Presidents of the United States
Andrew Johnson
Andrew
Johnson ( December 29, 1808 - July 31 , 1875 ) was the
sixteenth Vice President ( 1865 ) and the seventeenth ( 1865
- 1869 ) President of the United States, succeeding to the
presidency upon the assassination of Abraham Lincoln.
Order:
17th President
Term of Office:
April 15 , 1865 - March 4 , 1869
Followed:
Abraham Lincoln
Succeeded by:
Ulysses S. Grant
Date of Birth:
December 29 , 1808
Place of Birth:
Raleigh, North Carolina
Date of Death:
July 31 , 1875
Place of Death:
Carter's Station, Tennessee
Wife:
Eliza McCardle
First Ladies:
Eliza McCardle
Martha Patterson (daughter)
Occupation:
tailor
Political Party:
Republican (as elected)
Vice President:
none
Johnson
presided over the Reconstruction of the United States
following the American Civil War , and his conciliatory
policies towards the defeated rebels and his vetoes of civil
rights bills embroiled him in a bitter dispute with the
radical faction of Congress, leading the House of
Representatives to impeach him in 1868 , becoming the first
President to be impeached; William Jefferson Clinton was the
second President to be impeached. He was subsequently
acquitted by a single vote in the Senate.
Early
political career
Johnson was a Representative
and a Senator from Tennessee and a Vice President and 17th
President of the United States. He was born in Raleigh,
North Carolina on December 29, 1808 . He was self-educated.

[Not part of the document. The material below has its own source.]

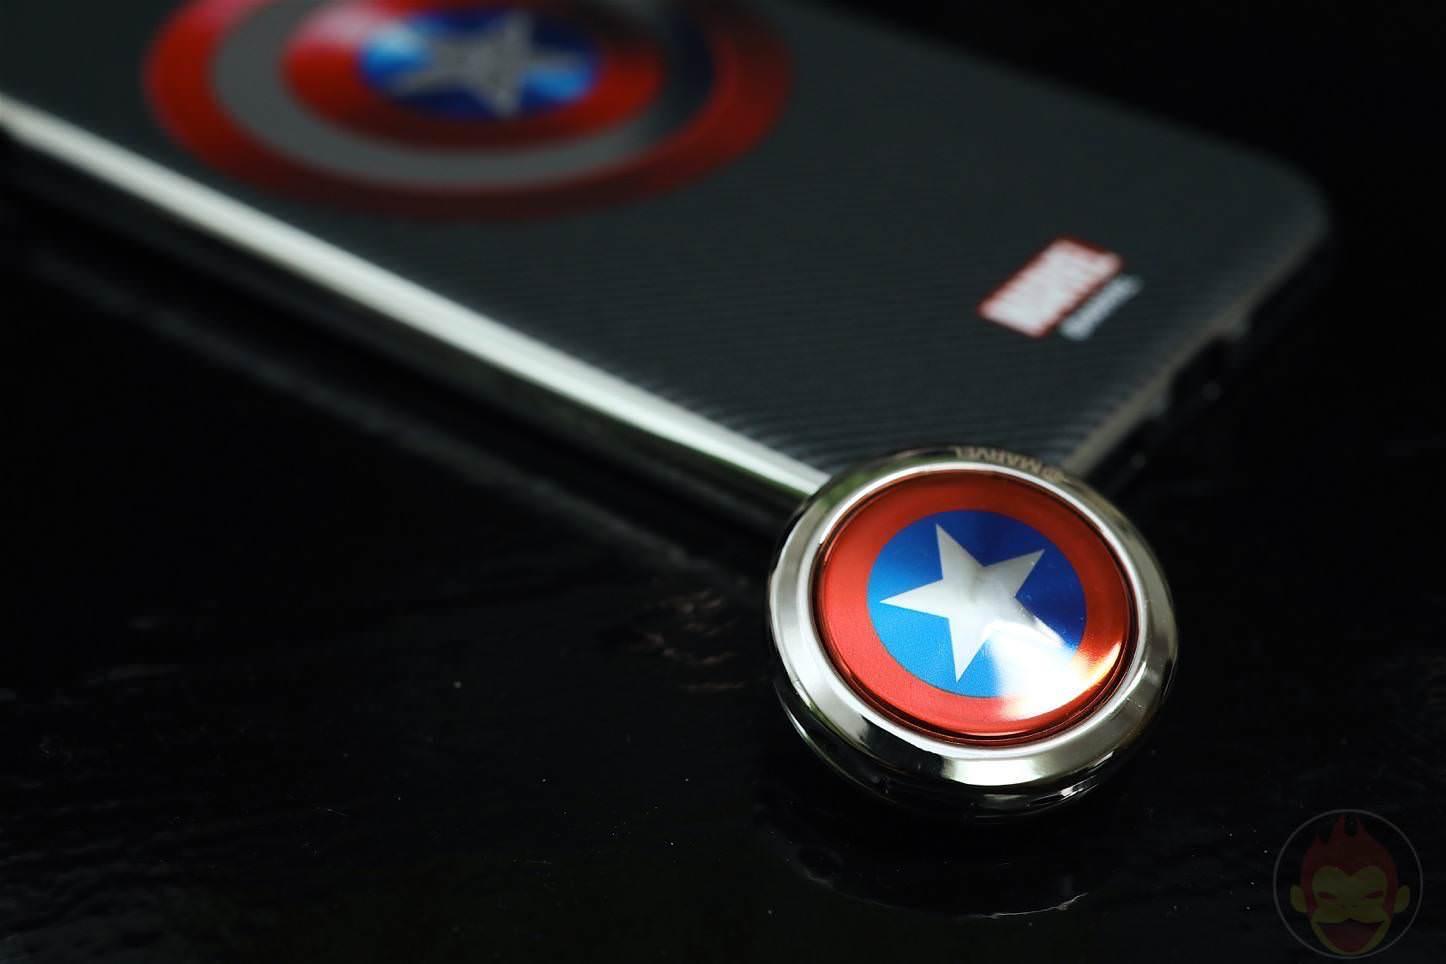 MARVEL-Design-iPhone-7-Plus-Case-and-Ring-05.jpg

At the age of 13 he was apprenticed to a tailor. He moved to
Tennessee in 1826, where he continued his employment as a
tailor. He served as an alderman in Greeneville, Tennessee
from 1828 to 1830, and mayor of Greeneville from 1834 to
1838 . He was a member of the State house of representatives
from 1835 to 1837 and 1839 to 1841 . He was elected to the
State senate in 1841, and elected as a Democrat to the
Twenty-eighth and to the four succeeding Congresses ( March
4 , 1843 to March 3 , 1853. He was chairman of the Committee
on Public Expenditures (Thirty-first and Thirty-second
Congresses).
Political
ascension
Johnson did not seek
renomination, having become a gubernatorial candidate. He
was Governor of Tennessee from 1853 to 1857 , and was
elected as a Democrat to the United States Senate and served
from October 8 , 1857 to March 4, 1862, when he resigned. He
was chairman of the Committee to Audit and Control the
Contingent Expense (Thirty-sixth Congress). Johnson was
appointed by President Abraham Lincoln as Military Governor
of Tennessee in 1862. He was elected Vice President of the
United States on the Republican ticket headed by Abraham
Lincoln in 1864 and was inaugurated March 4, 1865. He became
President of the United States on April 15 , 1865, upon the
death of Abraham Lincoln. He was the first Vice President to
succeed to the U.S. Presidency upon the assassination of a
President and the third to succeed upon the death of a
President.
Impeachment
Wide differences arising
between the President and the Congress, a resolution for his
impeachment passed the House of Representatives February 24
, 1868. On March 5 , 1868 a court of impeachment was
organized in the United States Senate to hear charges
against the President. Eleven articles were set out in the
resolution and the trial before the Senate lasted three
months, at the conclusion of which he was acquitted ( May 16
, 1868 ) by a vote of thirty-five for conviction to nineteen
for acquittal, the necessary two-thirds vote for impeachment
not having been obtained. He retired to his home in
Tennessee upon the expiration of the presidential term on
March 4, 1869. Johnson was the first President to be
impeached. Bill Clinton was the second President to be
impeached.
Post-Presidency
Johnson was an unsuccessful
candidate for election to the United States Senate in 1869
and to the House of Representatives in 1872 . He was elected
as a Democrat to the United States Senate and served from
March 4, 1875, until his death near Elizabethton, Carter
County, Tennessee , July 31 , 1875 . Internment was in the
Andrew Johnson National Cemetery, Greeneville, Greene
County, Tennessee.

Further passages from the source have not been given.